Channels: communication primitives that also synchronise.

The spec is deliberately silent on hardware. It defines the language semantics; the runtime and the hardware implement those semantics.

What the Go Memory Model Says¶

From the Go memory model document:

The Go memory model specifies the conditions under which reads of a variable in one goroutine can be guaranteed to observe values produced by writes to the same variable in a different goroutine.

Key points relevant to coherence:

Atomic operations are synchronising. A successful atomic.Store(x, v) happens-before a subsequent atomic.Load(x) that reads v.
Channel operations synchronise. A send happens-before the corresponding receive.
Mutex operations synchronise. Unlock happens-before subsequent Lock of the same mutex.
No guarantee without synchronisation. Without sync/atomic, channels, or mutexes, the compiler and hardware may reorder, cache, and otherwise transform memory operations.

The memory model abstracts the hardware: as long as you use the synchronising primitives, you get the visibility you need. The hardware coherence protocol is the mechanism that delivers those guarantees.

What the Hardware Promises¶

The underlying hardware (x86, ARM, Apple) promises:

Per-location coherence. For any single memory location, all cores eventually agree on a sequence of values.
Atomicity of aligned, naturally-sized operations. A 64-bit load or store to an 8-byte-aligned address completes atomically.
Ordering, with caveats. x86's TSO model preserves most orderings; ARM's weak model requires fences for cross-location ordering.

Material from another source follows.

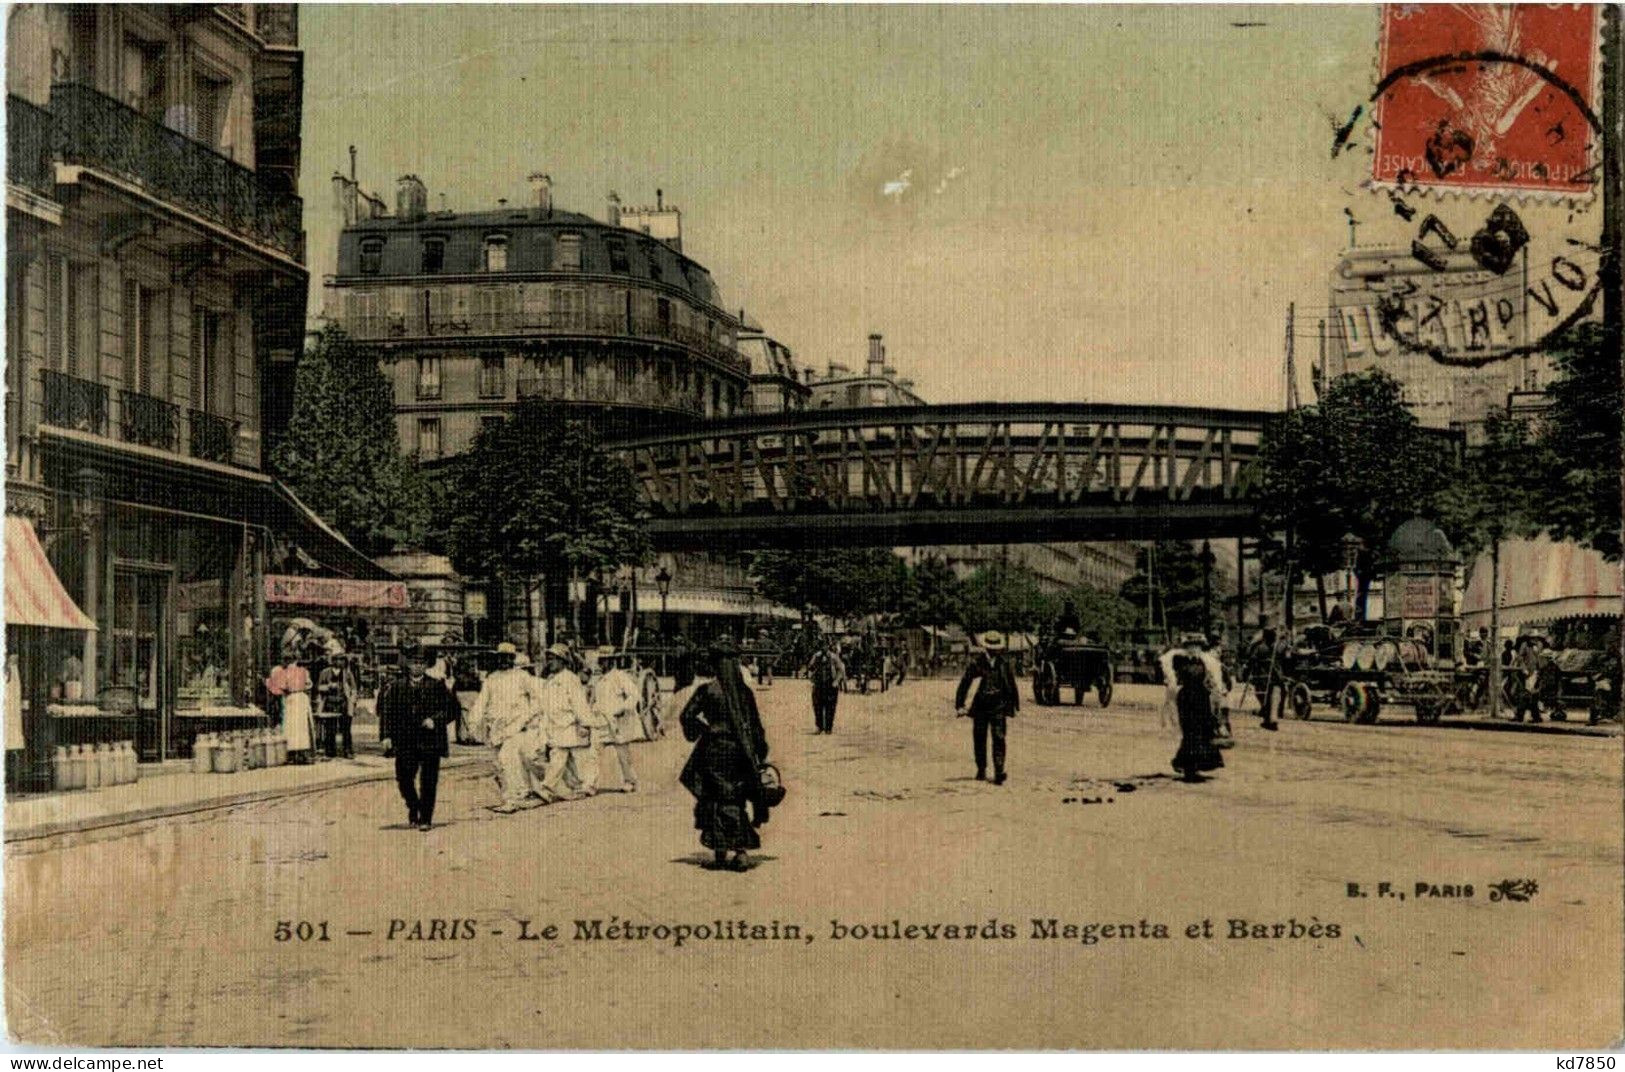 Paris - Metropolitain - Pariser Métro, Bahnhöfe

The Go runtime emits the right fences and atomic instructions to bridge the language's ordering guarantees to the hardware's primitive operations.

What is Implementation-Defined¶

The Go spec does not define:

Cache line size. This is hardware-specific (64 or 128 bytes).
Coherence cost. The cost of an atomic operation depends on the hardware state.
Padding behaviour. _ [N]byte fields are honoured by the compiler, but the compiler does not add padding automatically.
Alignment within structs. The compiler aligns to the natural alignment of each field; 64-bit atomics may need explicit alignment on 32-bit targets.

What `sync/atomic` Specifies¶

The sync/atomic package documentation:

These functions require great care to be used correctly. Except for special, low-level applications, synchronization is better done with channels or the facilities of the sync package.

The package guarantees:

Atomicity of individual operations.
8-byte alignment for 64-bit operations (the caller is responsible for alignment on 32-bit platforms).
Acquire-release semantics in the typed atomic.Int64 etc., for new code.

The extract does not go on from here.